Graham Reid | | 1 min read
At 90, the great saxophonist Lee Konitz – among very few of his generation still standing – has played in almost as many styles of jazz (free to formal) as he has been on record labels (from Enja to Blue Note and ECM).
And of course has played alongside many of his illustrious peers like Miles Davis, Lennie Tristano, Chick Corea, Gerry Mulligan, Chet Baker, Enrico Rava, Alan Broadbent . . .
He has always gone his own way and remains doing so, as on this reunion – after 10 years – with pianist Dan Tepfer, 55 years his junior and who can be as experimental as Konitz.
Despite his classical chops ( he can play serious Bach), Tepfer too is drawn to free improvisation which is what the duo get into for these pieces. Most of these improvisations – aside from three impromptu “ego” tracks recorded in Konitz' apartment five years ago – were recorded in studio sessions a few years back during which Tepfer might shift his piano to a different place and record a separate part to be added to the mix to create a different feel (on the avant-gardist miniatures Pulsing Orange and Pulsing Green where Tepfer sounds like he is playing a busy Mondrian painting like Broadway Boogie Woogie).
Such sonic experimentation when combined with the pure improv approach reaches a peak on the gloriously unsettling yet somehow magical Through the Tunnel where Konitz offers a gentle yearning tone and closes it out with a croaky, wordless vocal.
Elsewhere is the three-part 9/11 Suite, a series of short meditations, the thoughtful opener being the finest as Tepfer's lighter touch ripples behind Konitz' more dark and woody tone on alto, which sometimes seems as fragile in sentiment as from his age. The second section seems more aggressively scattershot and less focused but the final section reconciles the difficulties and reaches back to the opener's sentiment . . . although Tepfer can nail down single notes with blunt physicality.

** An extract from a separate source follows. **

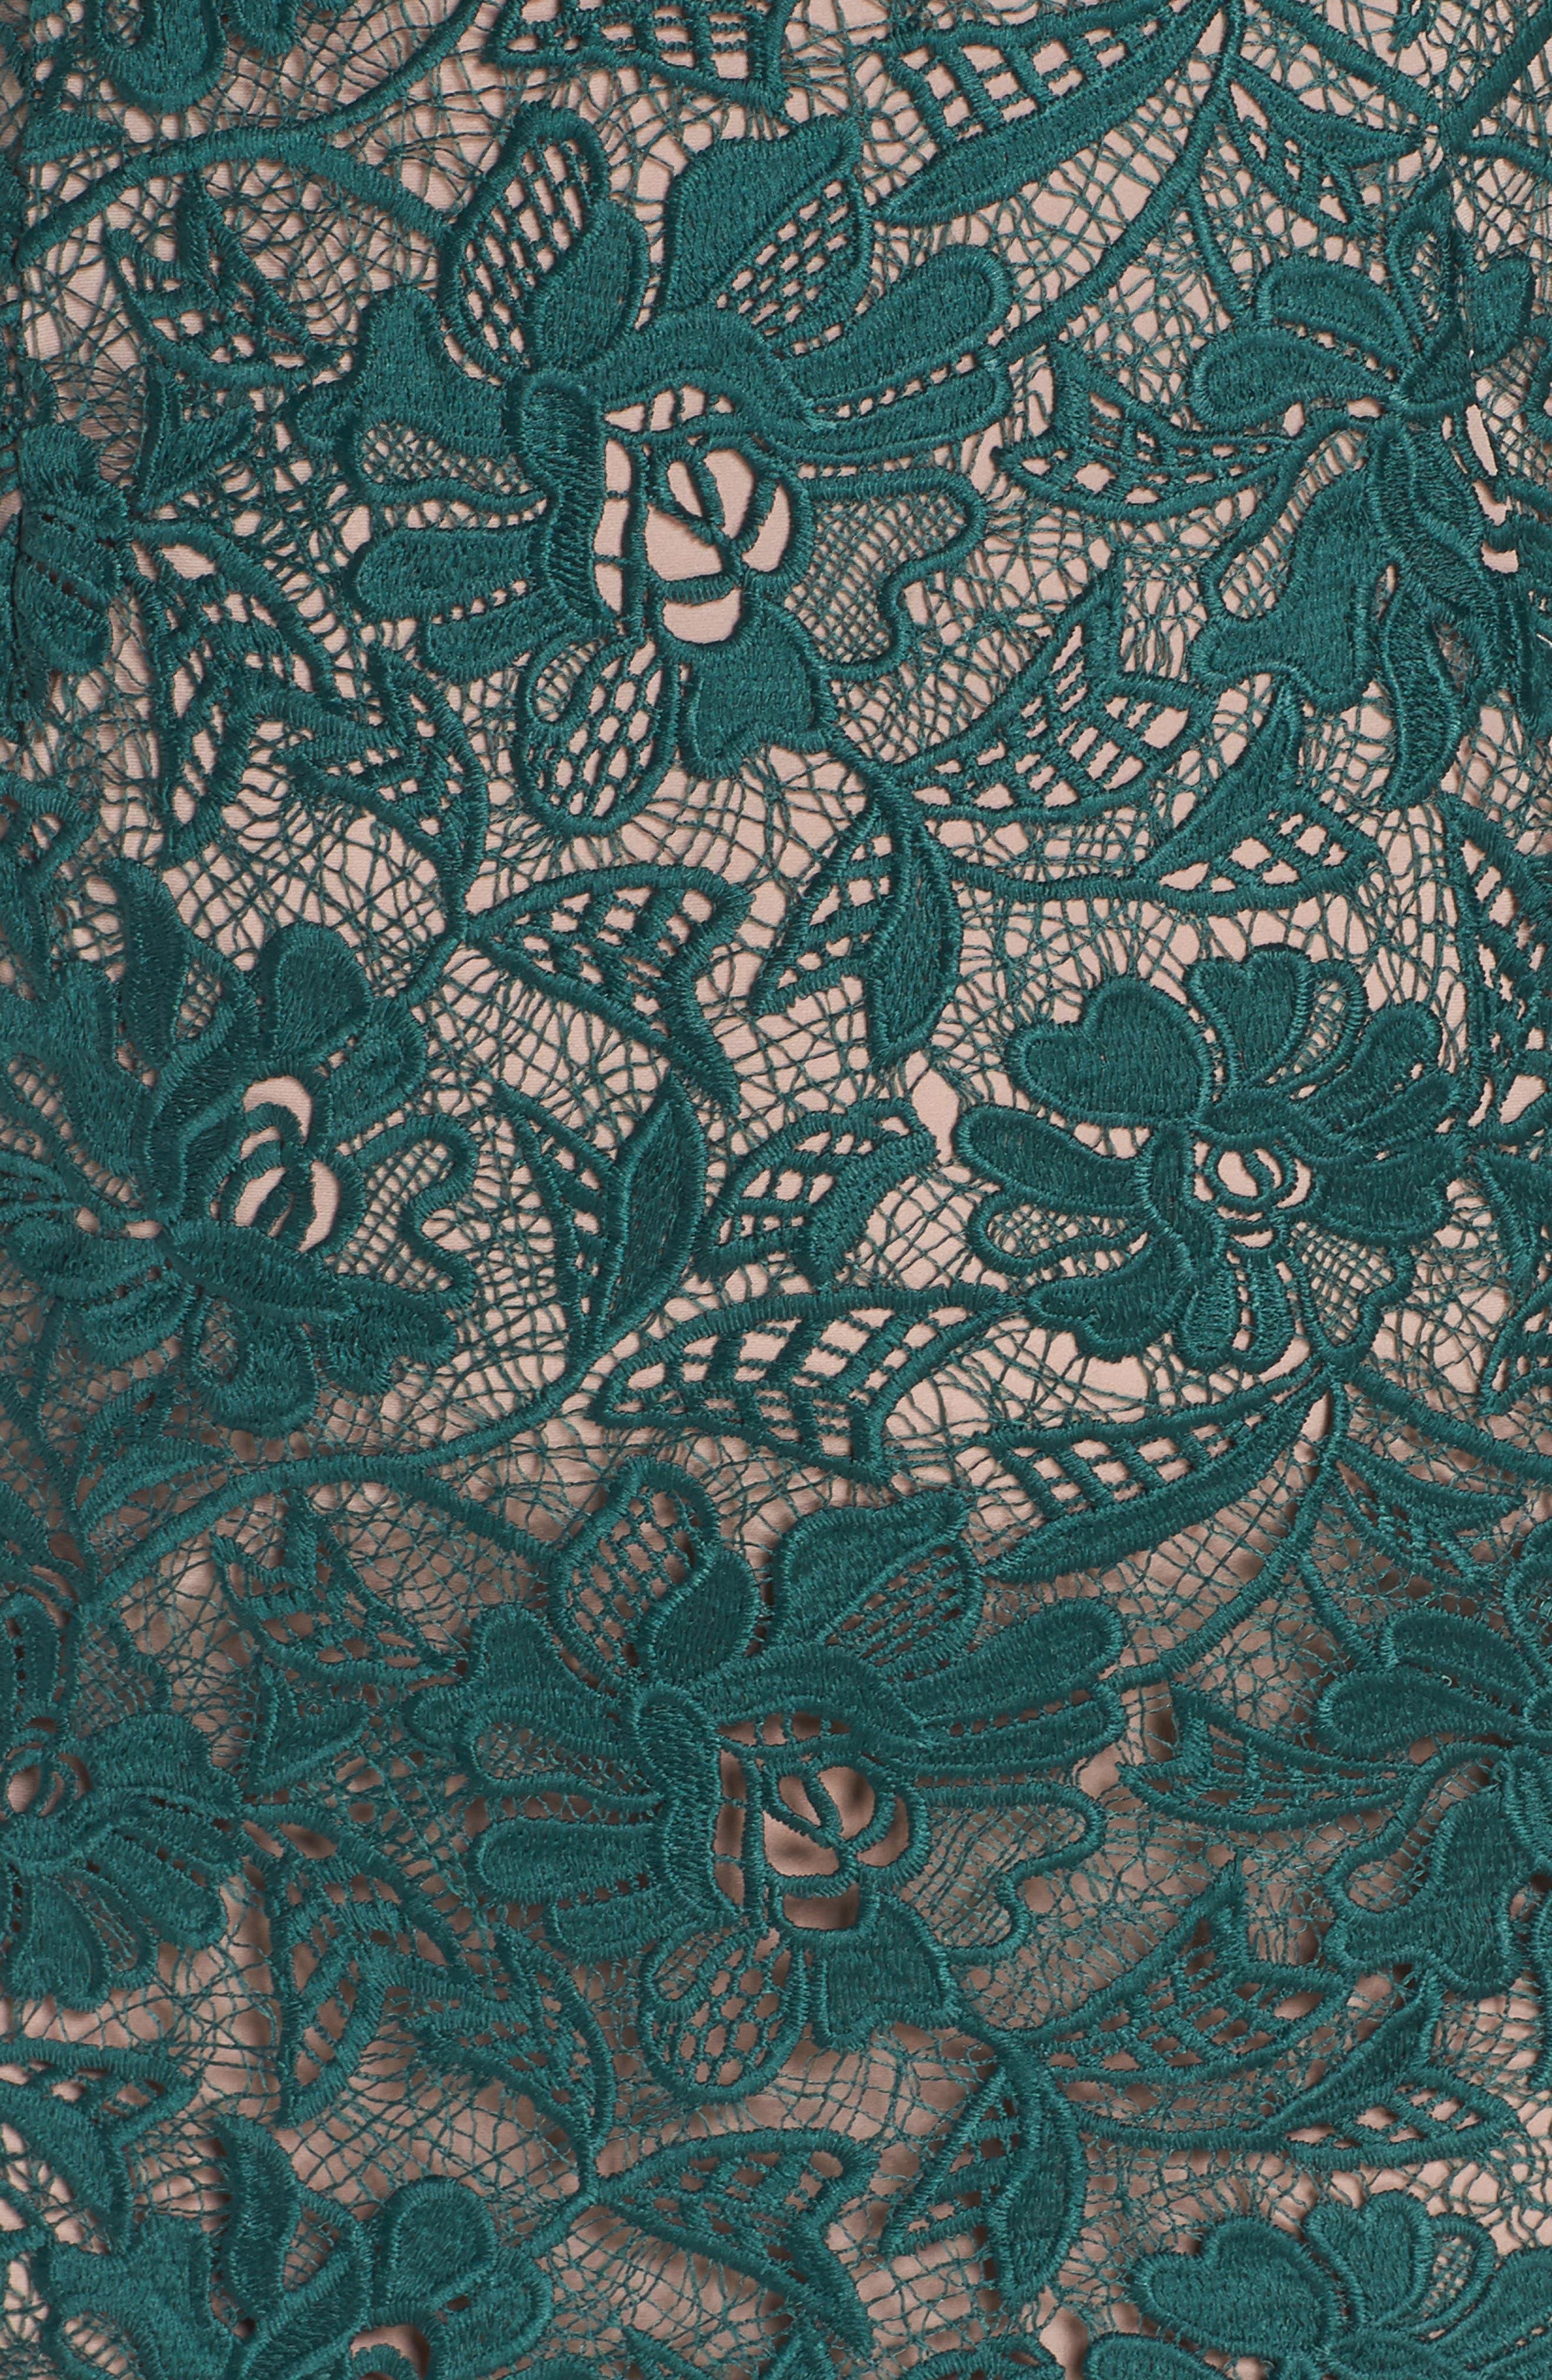 Lace Mock Neck Midi Dress,                             Alternate thumbnail 6, color,                             301

There is inventive whimsy here in those three “ego” pieces -- Alter Ego, Egos Alter and Eager Altos – which will appeal to those who like their free jazz light and witty.
In fact here is playful humour as much as muscular playing.

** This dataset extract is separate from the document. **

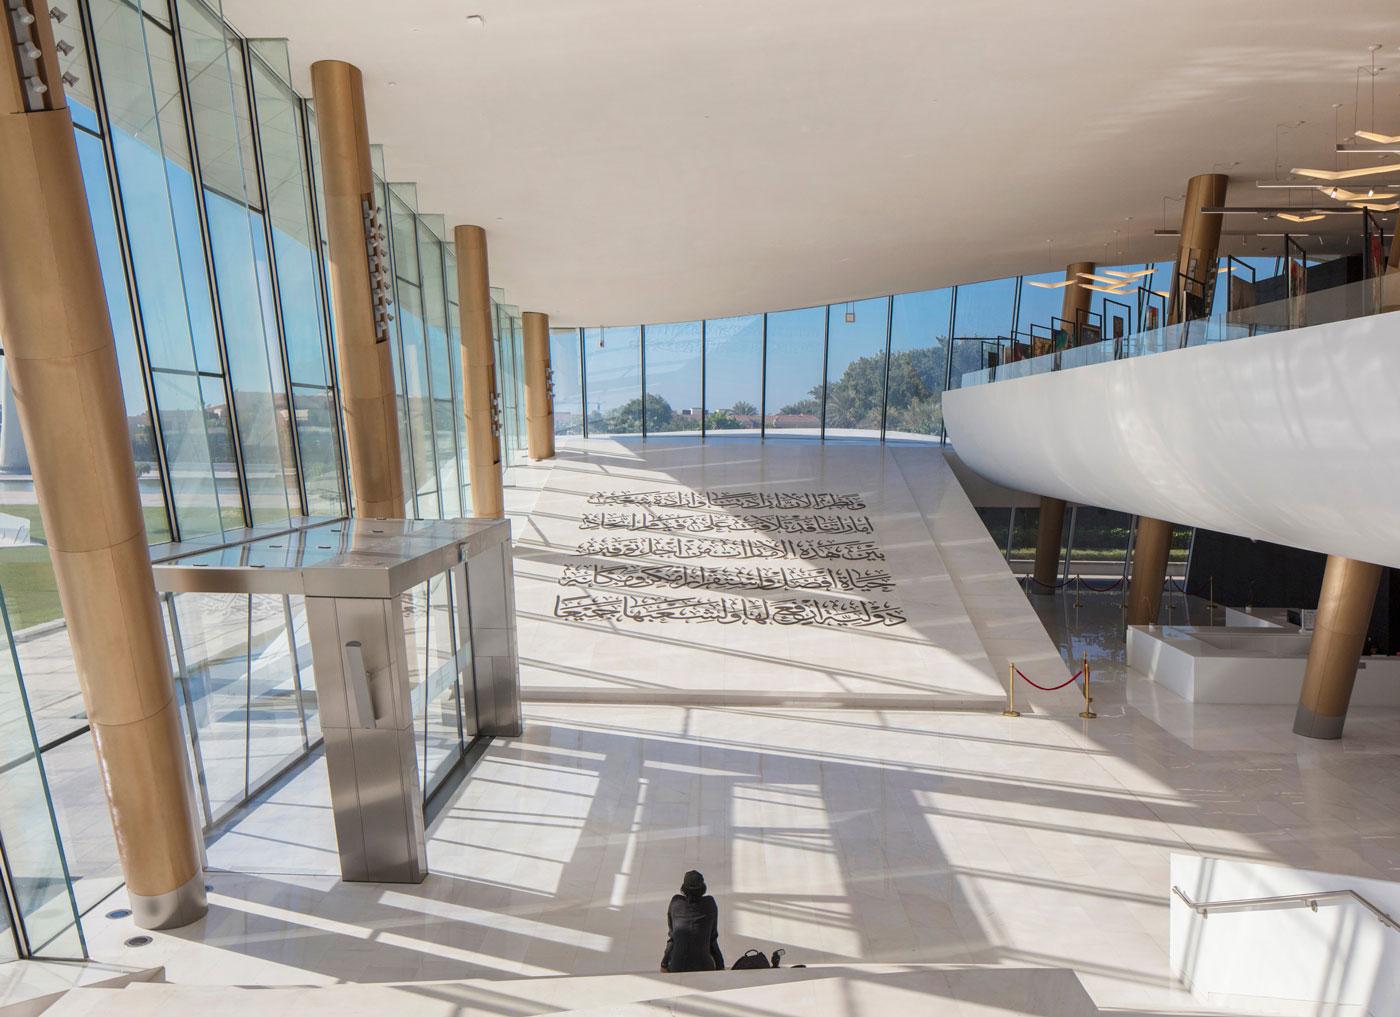 Symbolism reigns in this Dubai Museum

And oddly enough the final piece is a reworking of the standard Body and Soul with the pair conjuring up a very different melody out of it.
Lee Konitz has always possessed a sure sense of melody, even when seeming to avoid it in his more free expressions and much of this album achieves a happy balance between wide open possibilities and the anchor of a tune, albeit only half suggested sometimes.
Surprisingly youthful, edgy and enjoyable playing from a man with seven decades in the game . . . and who has found a kindred spirit in Tepfer.